Clean water advocates criticize limited EPA hearing on coal plant water pollution

An aerial view of Georgia Power's Plant Scherer shows the close relationship between a coal-fired power plant and surface waters. (Photo by Antennas via Wikipedia)

Coal-fired power plants are a major source of water pollution, contributing over half of all toxic pollutants including cancer-causing arsenic, lead and mercury that's released to U.S. rivers, streams and other surface waters by industrial operations.

Earlier this year, after more than three decades of delay, the Environmental Protection Agency proposed a new rule under the federal Clean Water Act to clean up that pollution. EPA did so under a federal court-ordered deadline that scuttled an effort by the utility industry to block the regulations over financial concerns.

Today EPA is holding a public hearing on the proposed rule -- but clean water advocates are criticizing the hearing for its limited scope and length.

"The EPA has called this hearing only on part of the proposed rule, so-called 'pretreatment' standards for coal waste going to public water treatment facilities," says a statement issued by more than two dozen environmental advocacy groups. "The agency needs to listen more broadly.

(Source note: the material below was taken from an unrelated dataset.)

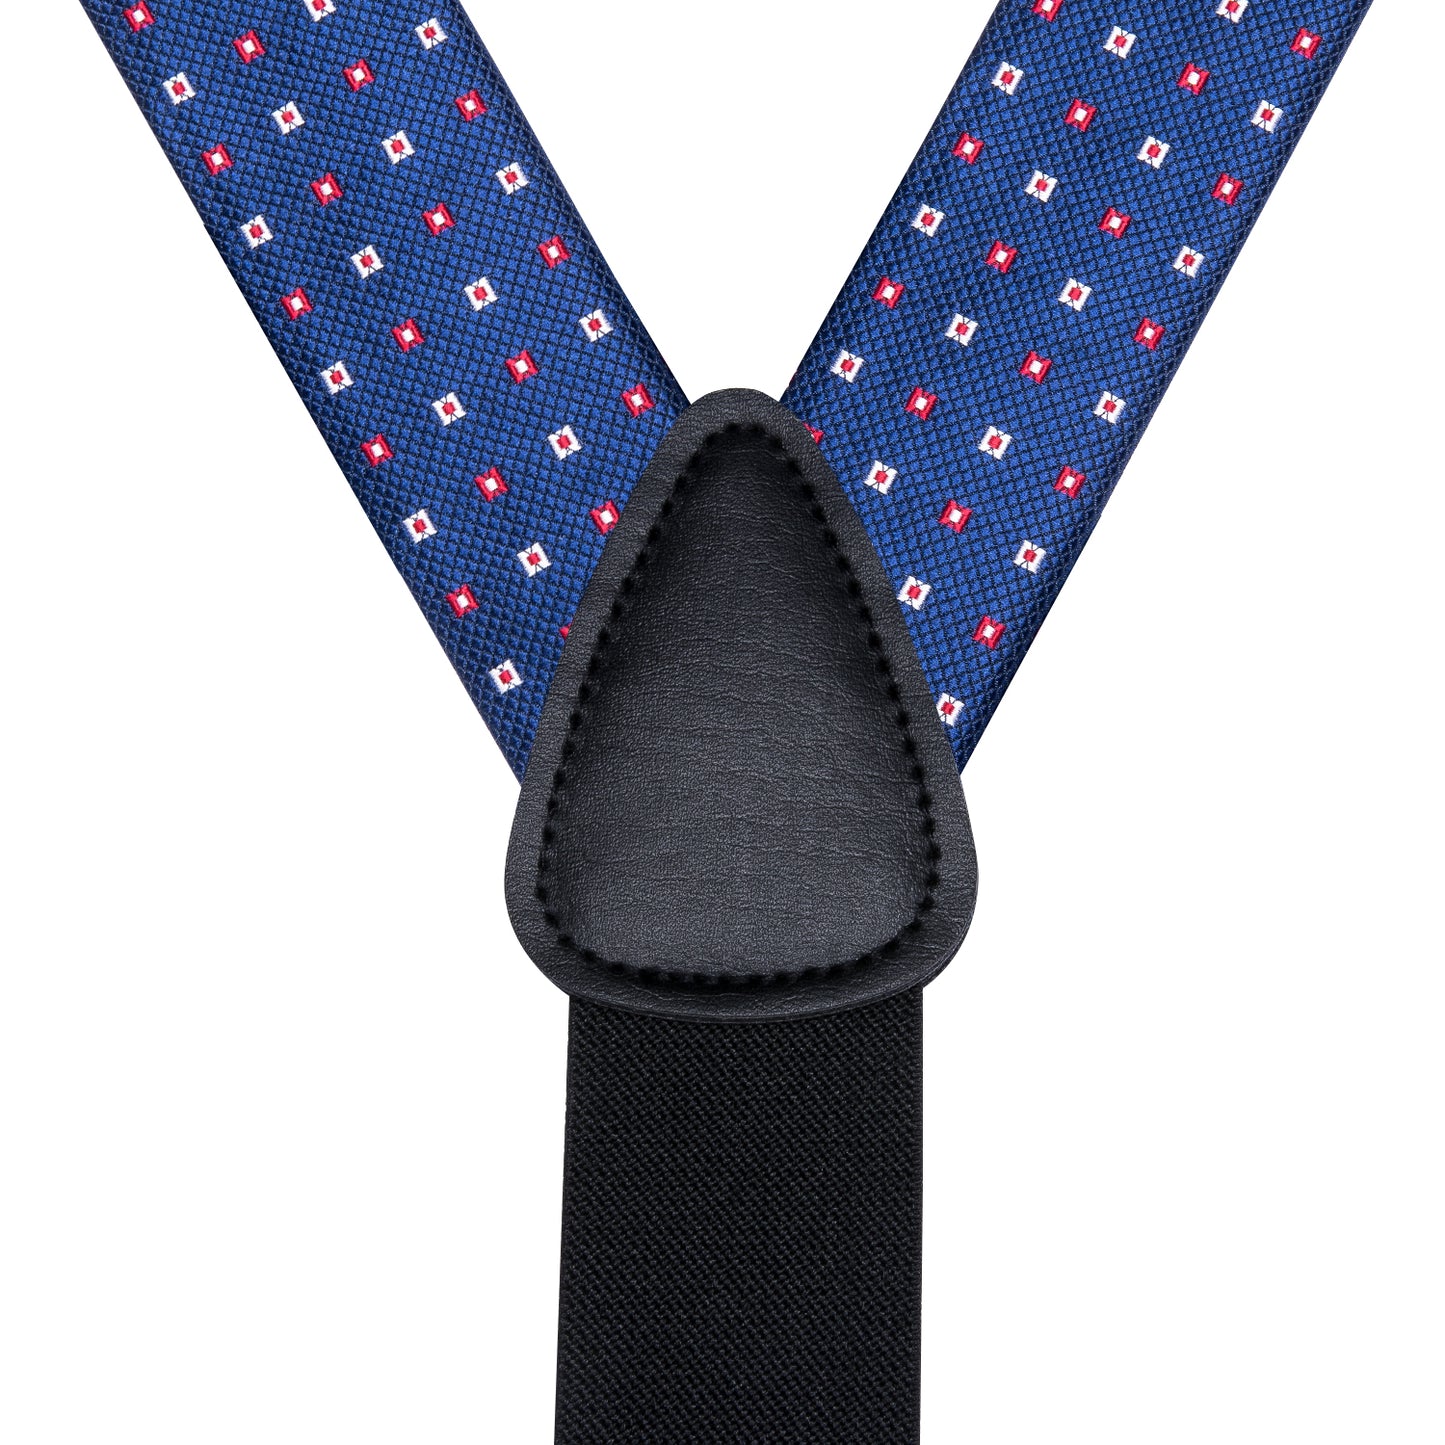 BD3006 Men's Braces Designer Clip Suspender Set [Blue Dots]

It is important that the EPA hear from the public on the rule as a whole, because so many of us are affected by toxic water pollution from power plants in our rivers, lakes and streams."

Among the groups that signed onto the statement are several based in North Carolina: Appalachian Voices, Clean Water for North Carolina, French Broad Riverkeeper, Haw Riverkeeper, Watauga Riverkeeper, and the Western North Carolina Alliance. Others include Earthjustice, the Environmental Integrity Project, and the Sierra Club.

The groups are pressing EPA to require power plants to install what's known as "zero liquid discharge technology" and convert to safer systems for handling coal ash, the toxic waste left over after burning coal. Many power plants now store coal ash in wet form in massive, unlined waste lagoons, but those have a tendency to leach toxins into nearby water supplies. They also are vulnerable to catastrophic failure, as the 2008 disaster at the Tennessee Valley Authority's Kingston plant in eastern Tennessee showed. Environmental advocates have long called for a transition to dry coal ash storage in properly lined landfills.

In addition to holding the public hearing, the EPA is also taking written comments on the proposed rule through Sept. 20, 2013. For details on submitting comments, click here for the Federal Register notice.

"It is time for the EPA to end the power industries' long history of destroying our lakes, rivers, and streams with toxic pollution," the groups' statement says. "We are going to do all we can to ensure comprehensive rules are adopted that will require power plants to clean up all of their toxic wastewater pollution, not just some of it."